Local file with html links. Links not recognized

brttd / Multi-file-downloader

A Chrome extension which finds, and downloads all files linked on a page.

23 stars 6 forks source link

Local file with html links. Links not recognized #1

Open cponder opened 4 years ago

cponder commented 4 years ago

I have a local file with the contents (sorry about the formatting, the page is trying to interpret the HTML annotations):

\ \ \https://www.yahoo.com/ \\
\https://www.google.com/ \\
\ \

I can open the file in chrome, and the links all work if click on them. The downloader, however, tells me there are no links on the page. I believe that the downloader would work correctly if it were reading the same HMTL from a remote server. Is there some special setting I need to make in Chrome?

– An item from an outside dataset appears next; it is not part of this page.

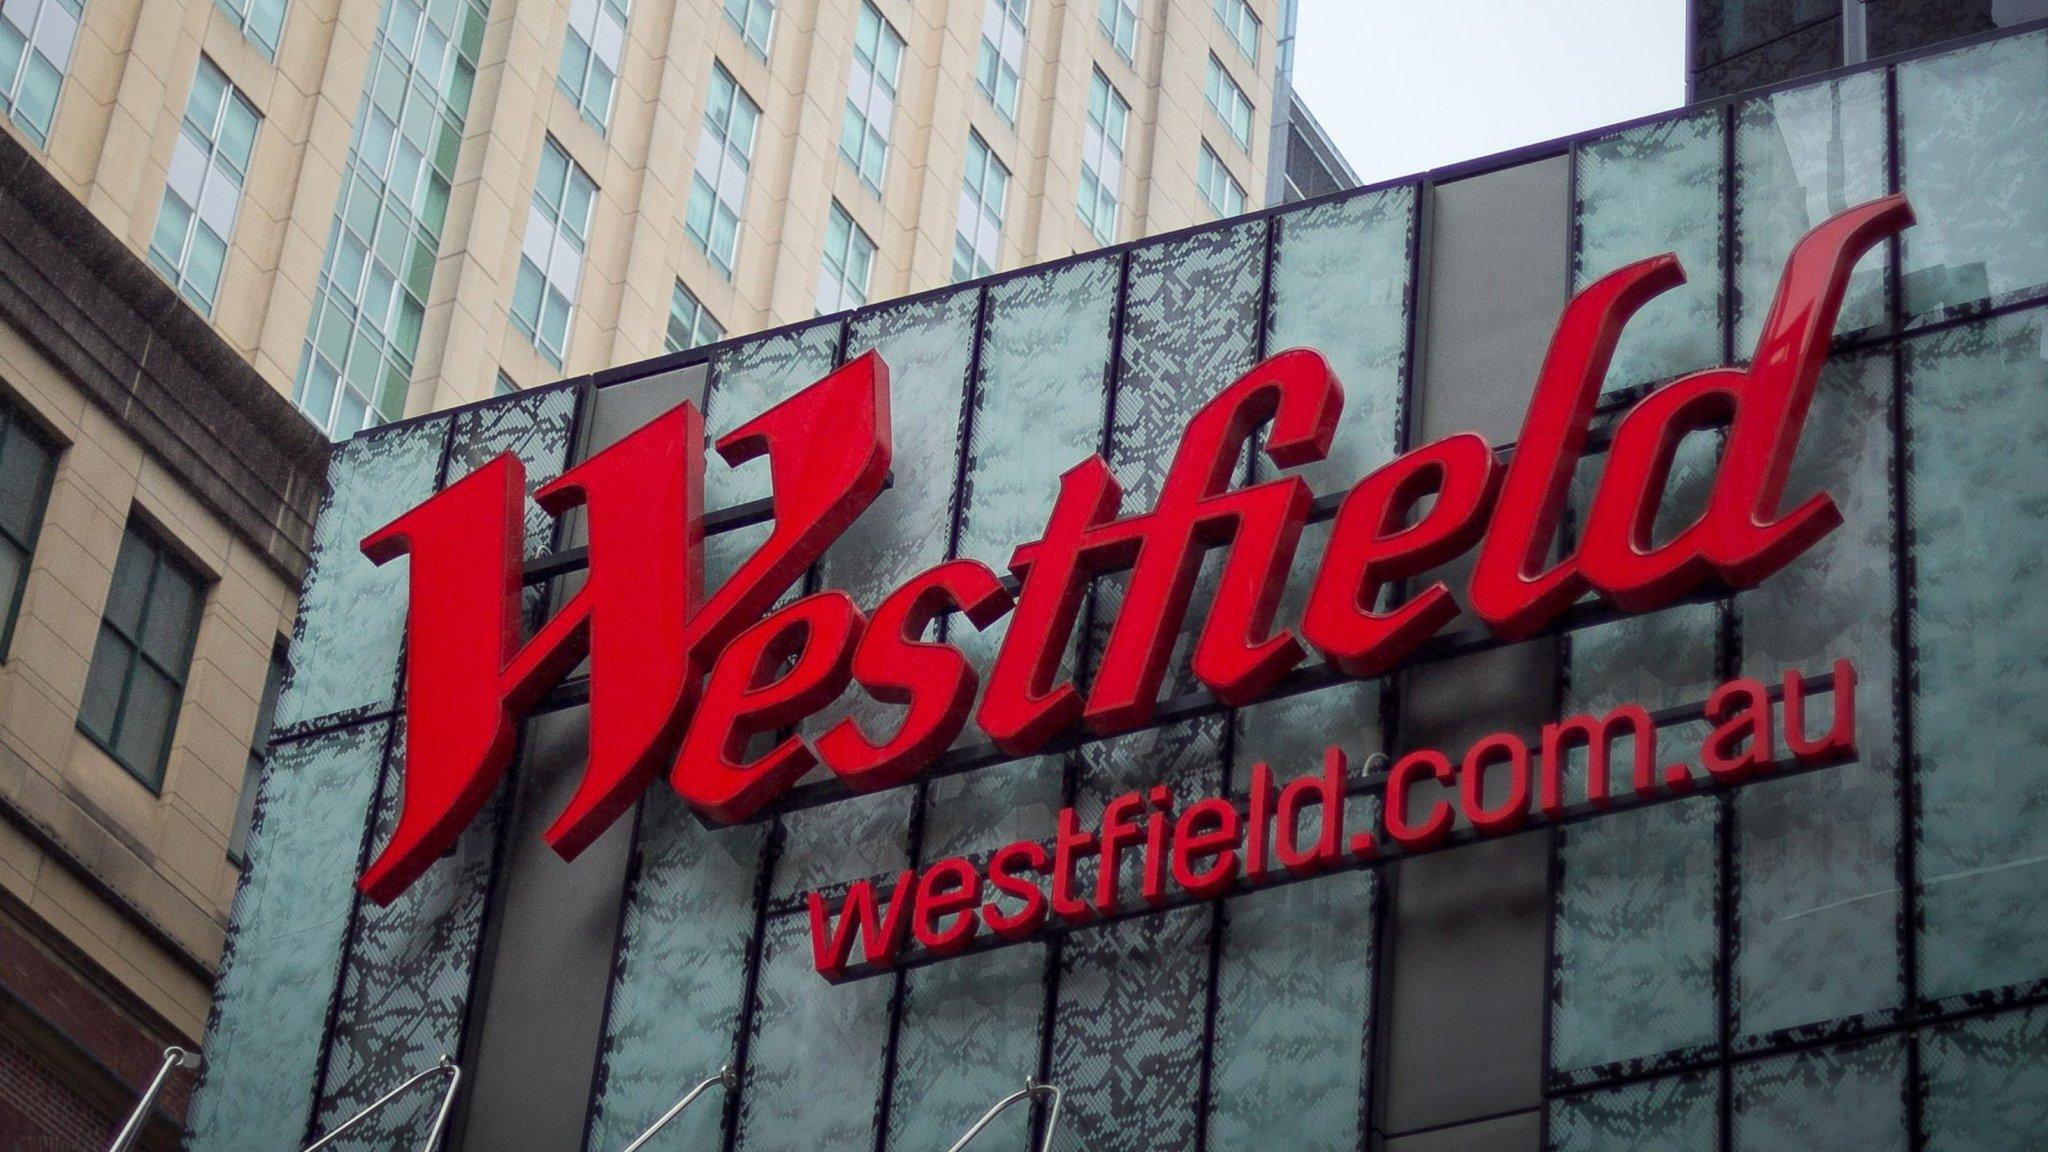 Unibail-Rodamco to buy Australia's Westfield for $25bn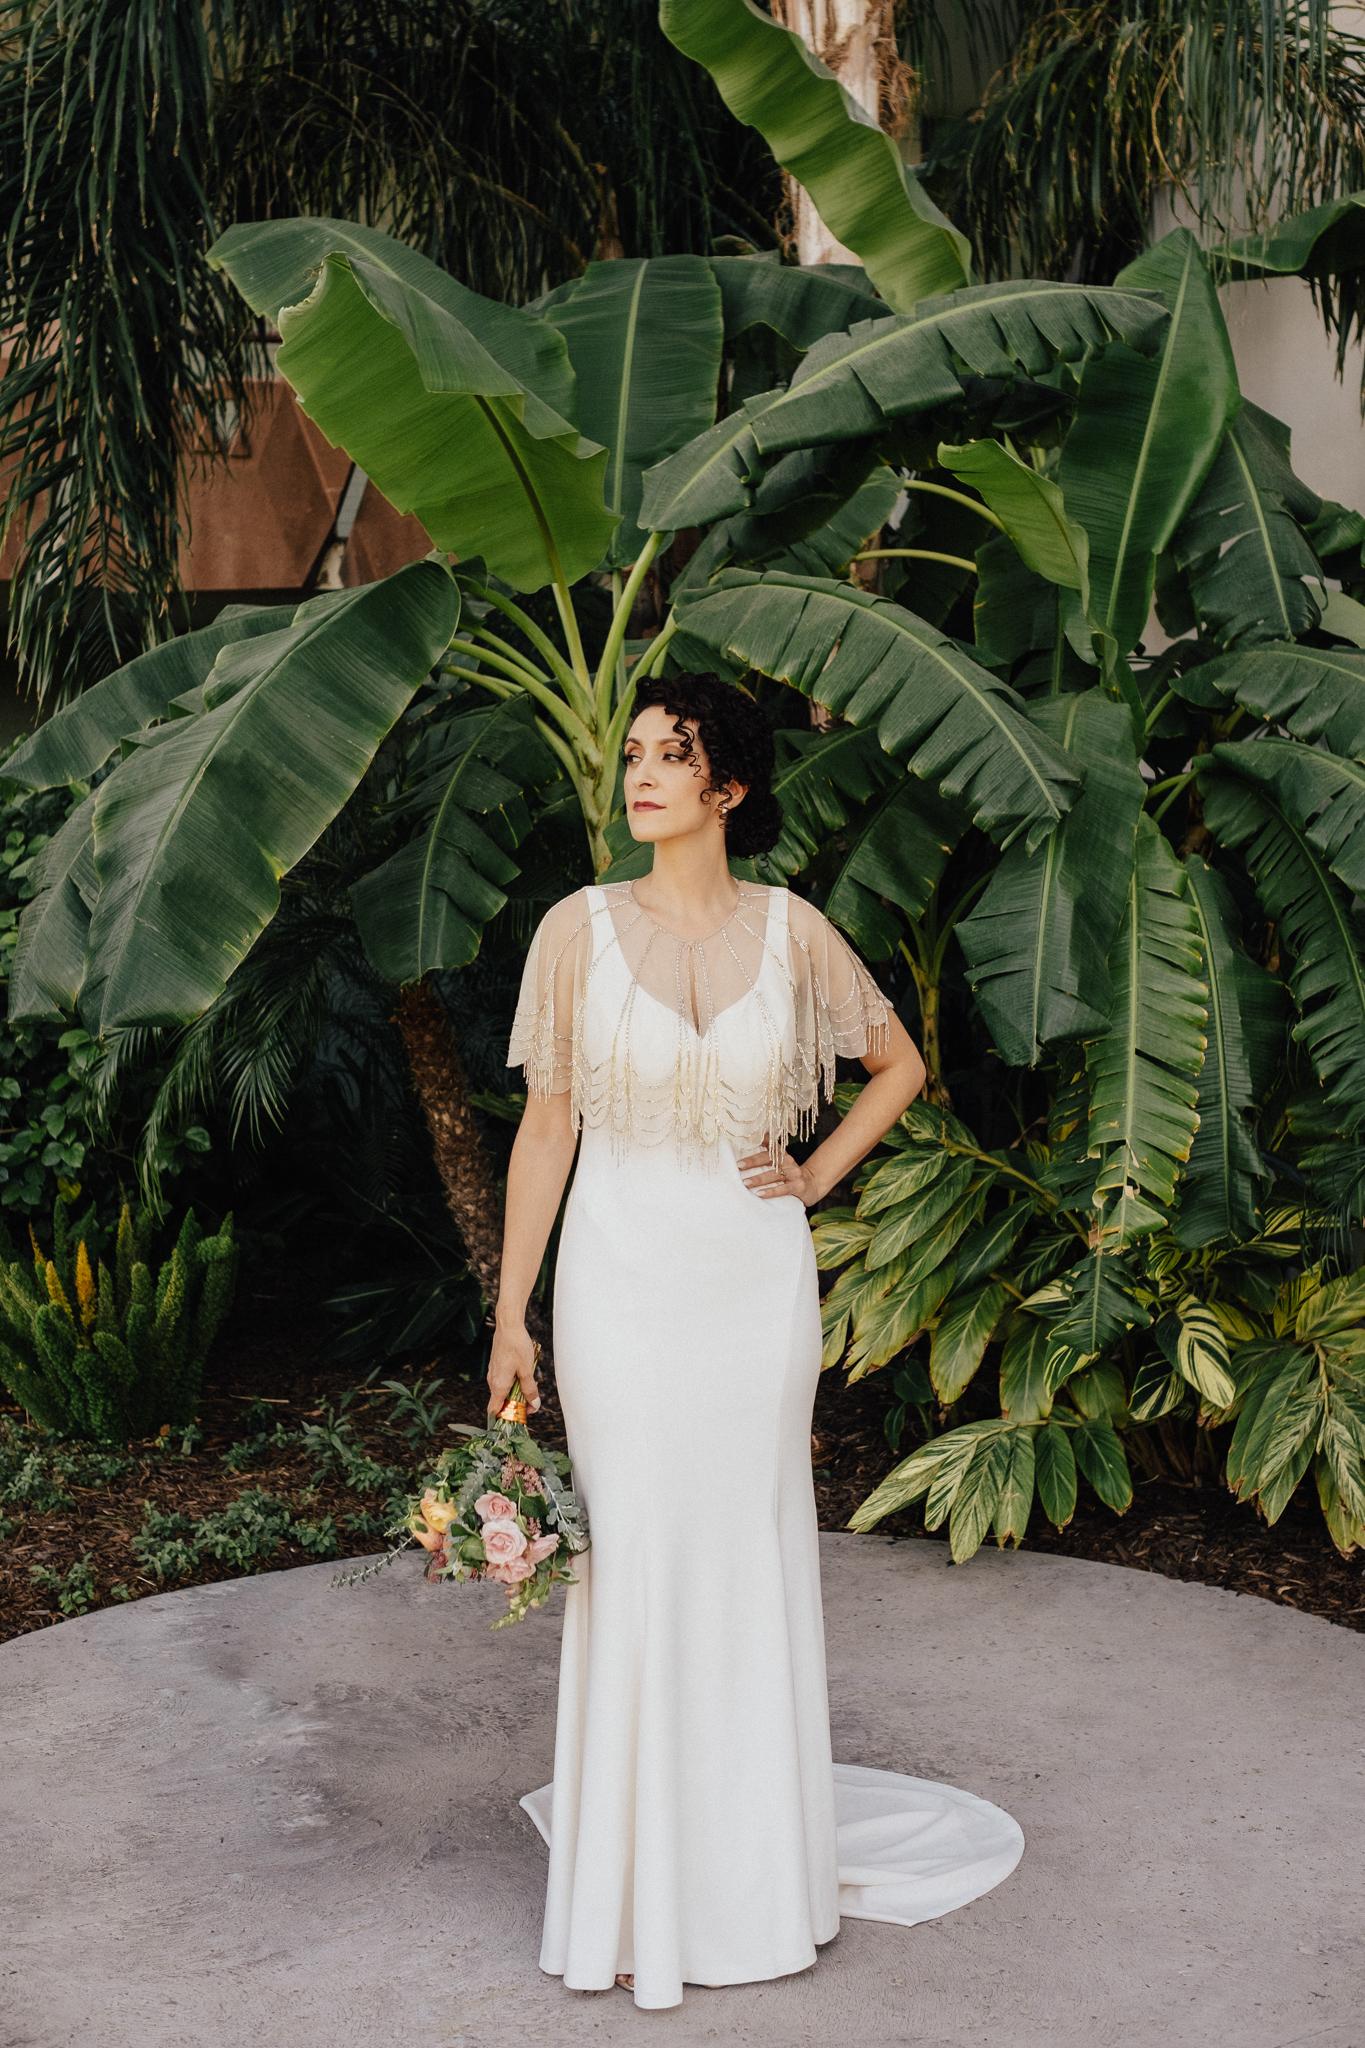 Arizona-Adventure-Elopement-Wedding-Photographer-120.jpg

cponder commented 4 years ago

There have been discussions posted about remote HTML pages containing links to local files. Note that this is the opposite problem, and doesn't create the same security issues.

brttd commented 4 years ago

Hi, The downloader will only look for links which have some indication that they point to a file. Normal links without a file extension, or download attribute, will not be picked up. This is done deliberately, as the extension is meant for finding & downloading individual files, and not for downloading full web pages. The extension should behave the same if it's local files, or from a remote server (Although extensions by default don't have access to local user files)

cponder commented 4 years ago

These days I'm finding more & more content to be buried under JavaScript code, which makes it invisible to these kinds of download tools. If I download the web-pages, sometimes I can re-process them to figure out what's being pointed to. Unfortunately I'm stuck manually downloading these kinds of pages one-at-a-time because the dowloader won't fetch them in bulk from the parent page. So in my mind the page is the content that I'm trying to fetch. Could you provide an option for this?

cponder commented 4 years ago

Also, is this JavaScript always going to be a barrier, then? Or is there going to be some way to partially execute the code to figure out what's behind it? I remember one of the downloaders that would recognize when a file was actually a download-script, and fetch the file it referenced instead. Unfortunately I lost track of which extension it was when I set up my new system, and can't find anything that looks like it in the Chrome Extensions list.

joaociocca commented 4 years ago

@cponder I think what you need is wget - https://www.gnu.org/software/wget/

cponder commented 4 years ago

The "wget" won't work because the site expects some kind of authentication token. I can hold the top-level page open in one tab, and make a list of extracted links in another tab, and they work when I click on them. But that means I have to manually click on all of them to download the pages, since the downloader is disabled for non-file links.